After the execution date was reported to the public, there were numerous calls for clemency in Burton's case, and some national advocacy groups, including the Council on American-Islamic Relations (CAIR), appealed to the state to commute his sentence. Battle's daughter appealed to the governor for clemency for Burton and cited her opposition to the execution of her father's killer. Six of the eight living jurors who voted for the death sentence in Burton's original murder trial also expressed their agreement to clemency and sparing Burton's life. Burton also petitioned for clemency from Alabama Governor, hoping to have his sentence commuted to life imprisonment, and he wrote an apology letter to the family of the victim to express remorse for his actions.

Apart from this, it was reported that during his incarceration on death row, Burton had experienced a multitude of health problems, including rheumatoid arthritis, which eventually led to Burton using the wheelchair due to limited mobility. Burton also suffered from a stroke recently before his scheduled execution, and he was diagnosed with a delusional disorder. There were concerns that Burton's old age of 75 and poor health should have precluded him from execution.

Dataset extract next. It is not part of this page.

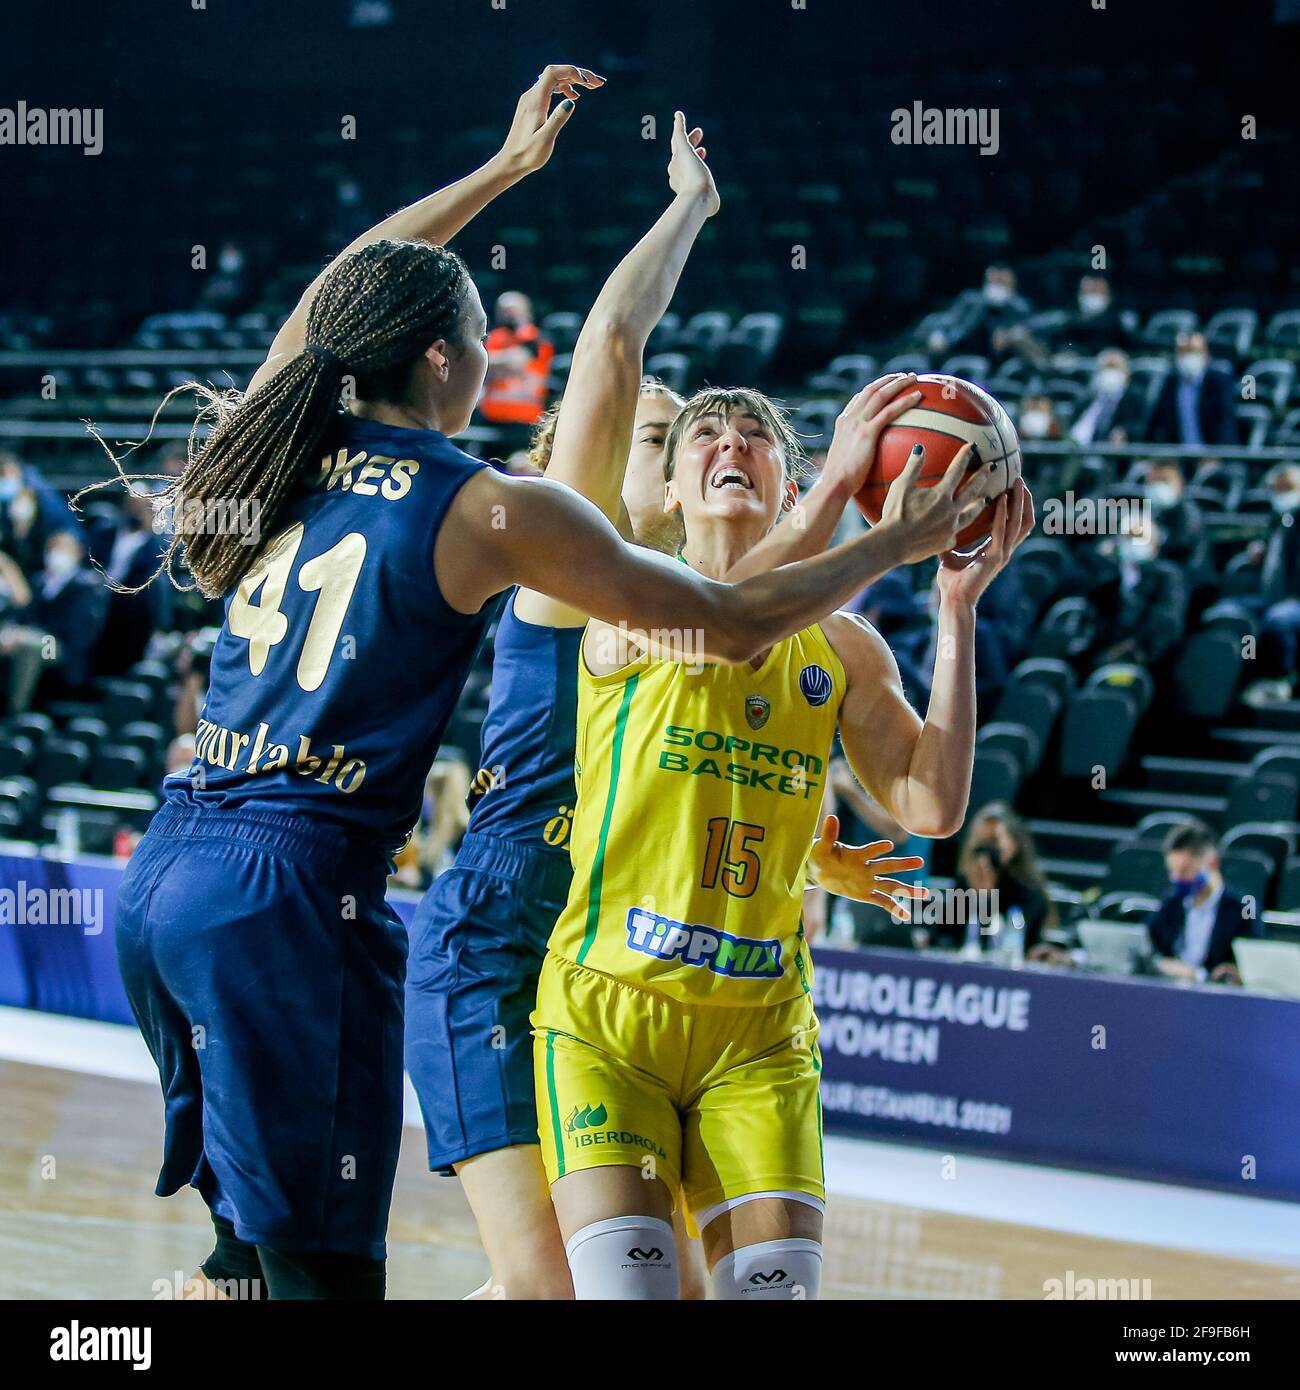 ISTANBUL, TÜRKEI - 18. APRIL: Tina Krajisnik von Sopron Basket während des  EuroLeague Women-Matches zwischen Sopron Basket und Fenerbahce Oznur Kablo  in Vol Stockfotografie - Alamy

On the other hand, Alabama's Attorney-General Steve Marshall opposed to granting clemency to Burton, and Gina Maiola, the spokesperson for Ivey, stated that the governor was carefully deliberating over the case of Burton, but she also stated that Ivey had no intention of issuing clemency at that point. In fact, up to that point in her governorship tenure, Ivey had commuted only one death sentence to life without parole.

On March 3, 2026, Burton appealed to the U.S. Supreme Court to review his case.

===Clemency===
On March 10, 2026, Alabama Governor Kay Ivey commuted Burton's death sentence to life in prison without possibility of parole. Burton was the second prisoner on death row to be granted clemency by Ivey since she took office in 2017, the first being Robin Myers.